# Ratings Dropping...ah!!!



## julianashusband (Aug 6, 2014)

Over the last 2 weeks my rating has started to go down. I haven't been doing anything different (I don't think). So I emailed support asking if they had any feedback from riders that I could use to help myself improve. The response I got is that they don't give individual ratings. I didn't ask for ratings. I didn't ask for individual. All I wanted was ANY feedback they have received! 

I wrote back and was told that I had a good record except for a "couple of 2's and 3's." 2's and 3's? That's not what I asked for. I wanted feedback!


----------



## cybertec69 (Jul 23, 2014)

julianashusband said:


> Over the last 2 weeks my rating has started to go down. I haven't been doing anything different (I don't think). So I emailed support asking if they had any feedback from riders that I could use to help myself improve. The response I got is that they don't give individual ratings. I didn't ask for ratings. I didn't ask for individual. All I wanted was ANY feedback they have received! Thank you Uber for helping me be a better driver.

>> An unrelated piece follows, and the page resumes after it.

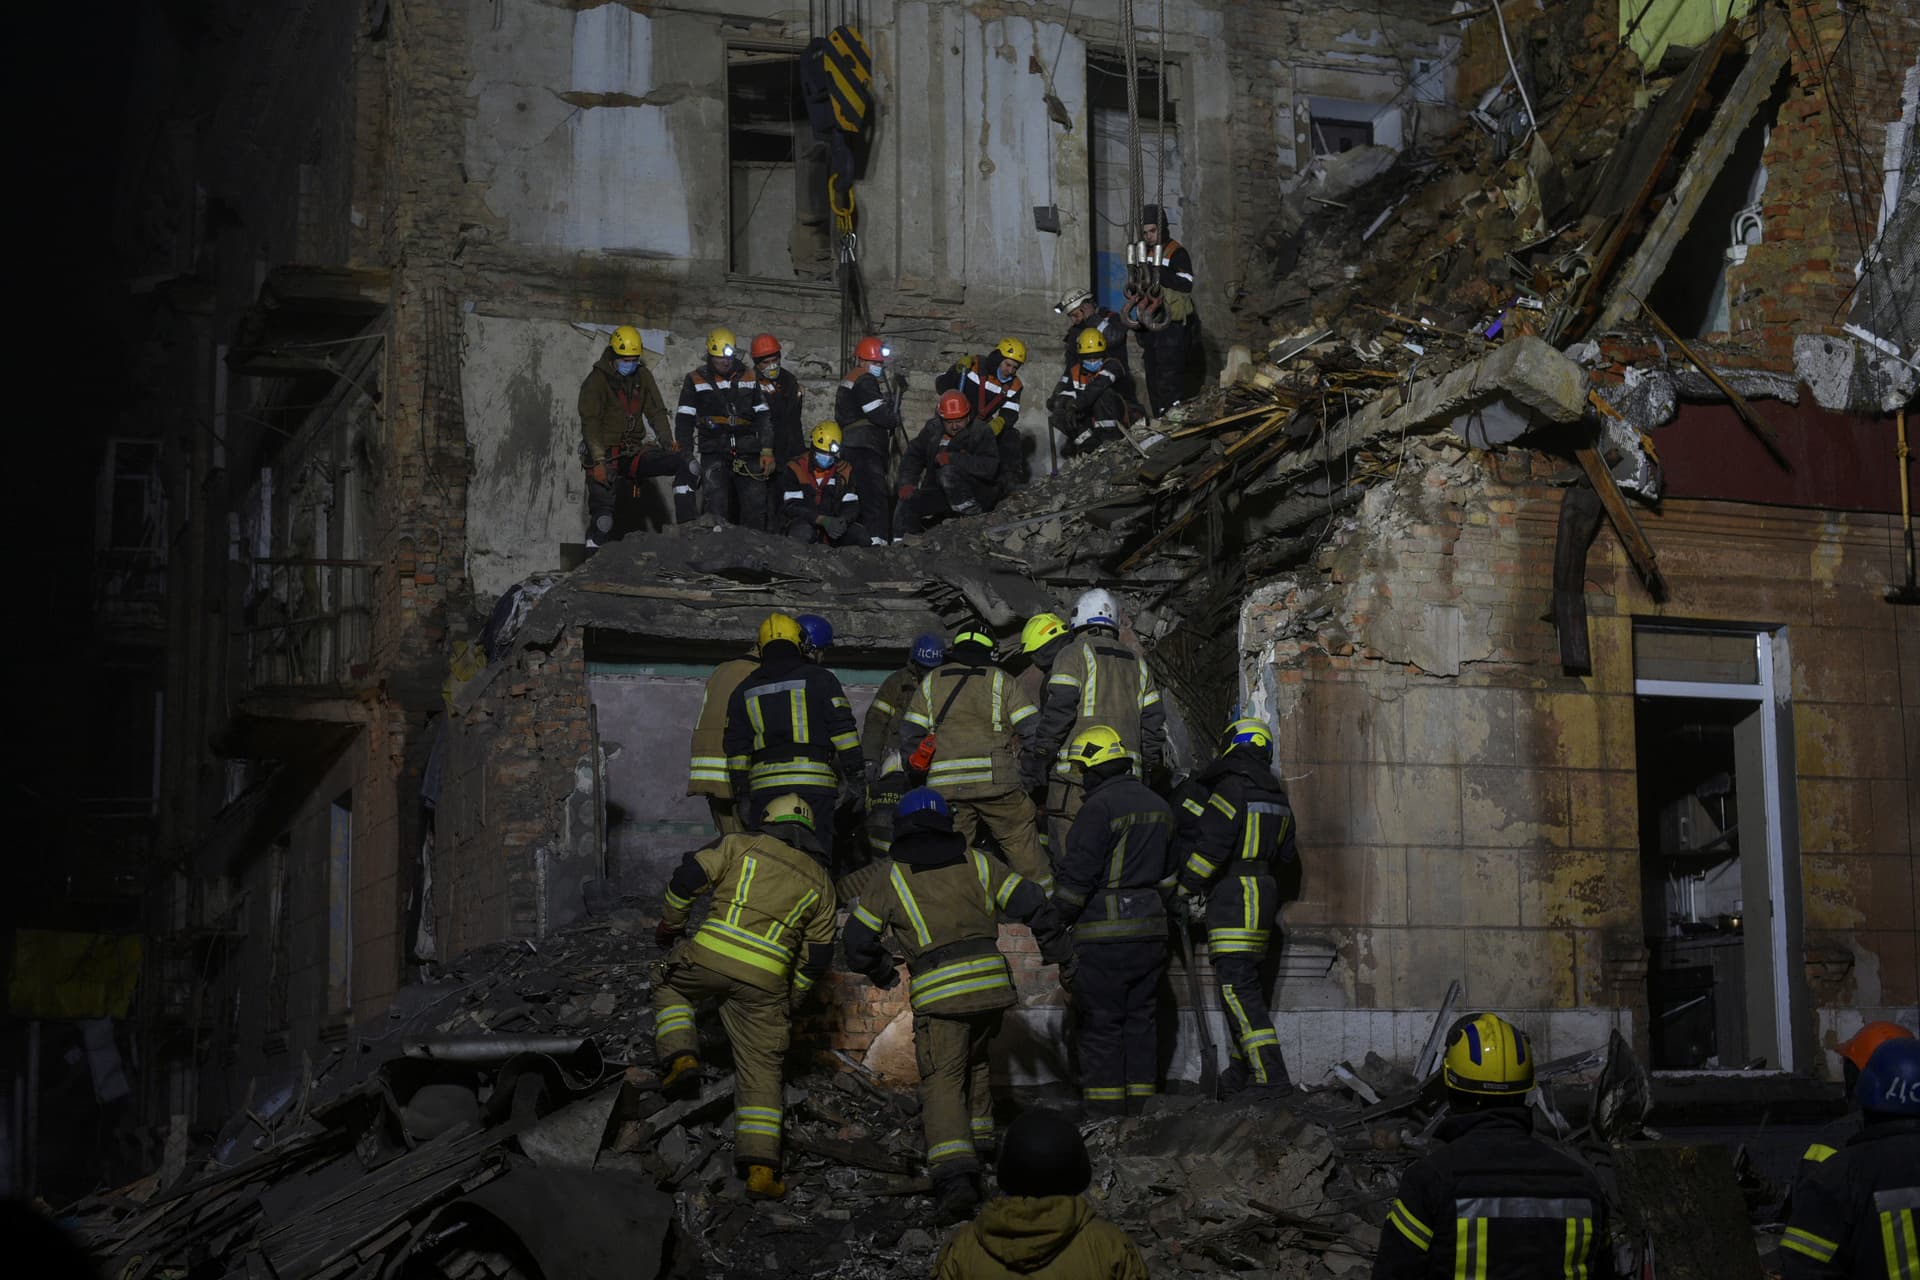 Rescuers work at the site of a residential building damaged by a Russian missile in Kryvyi Rih
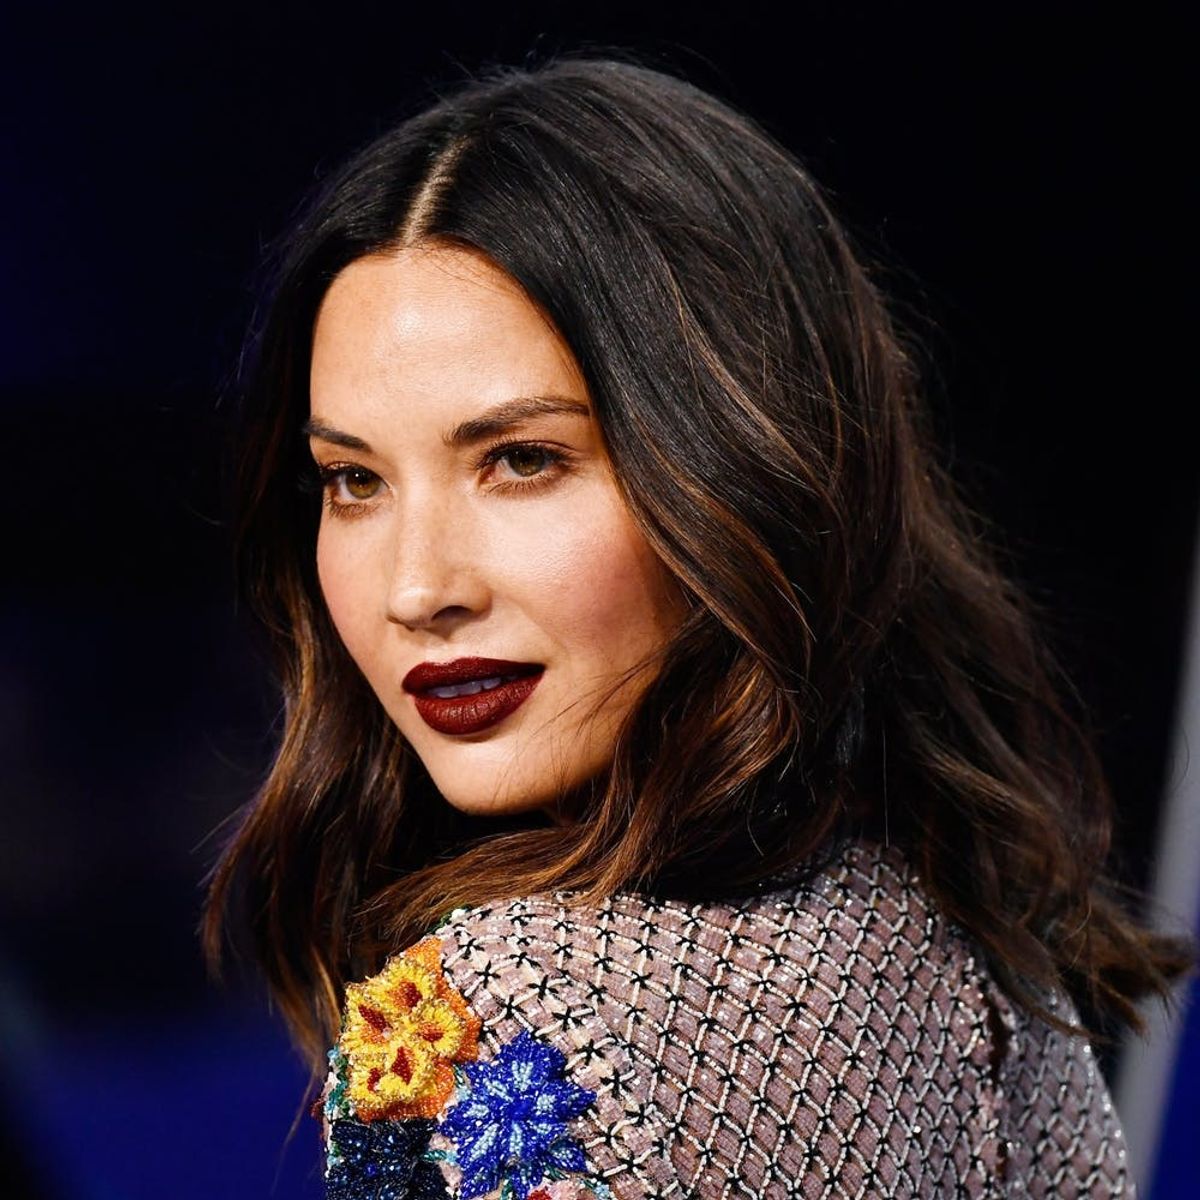 Olivia Munn Says Her Cameo in “Ocean’s Eight” Actually Cost Her Money

Don't sweat it, just go pick up those cheap uber fares, and keep bringing in the cheese for the uber master, don't take the rating system seriously "uber doesn't, why should you" , it will do nothing but stress you out, there is enough stress already with idiot passengers and these low price rates, uber wants and NEEDS you on the road, don't fret over the ******, just go get more fares.


----------



## Former Yellow Driver (Sep 5, 2014)

julianashusband said:


> I wrote back and was told that I had a good record except for a "couple of 2's and 3's." 2's and 3's? That's not what I asked for. I wanted feedback!


If you feel that you absolutely HAVE to worry about this crap: I think most drivers can review their last couple of weeks worth of fares and have a fairly good idea of who might have sandbagged them. Try to determine who (gut feeling) gave you a 2 or 3 star rating and either figure out how to fix whatever didn't go well....or try to avoid getting anymore fares from that "type" of customer. For instance if you had less than stellar rides with drunk 21 year old girls when the bars close....don't pickup any more of those fares.


----------



## LAuberX (Jun 3, 2014)

You are too far away to attend my weekend 5 star driving seminar (a.k.a. ball licking 101)

On this subject Uber is useless.... watch the training videos, speak when spoken to, know your city and drive smoooooth


----------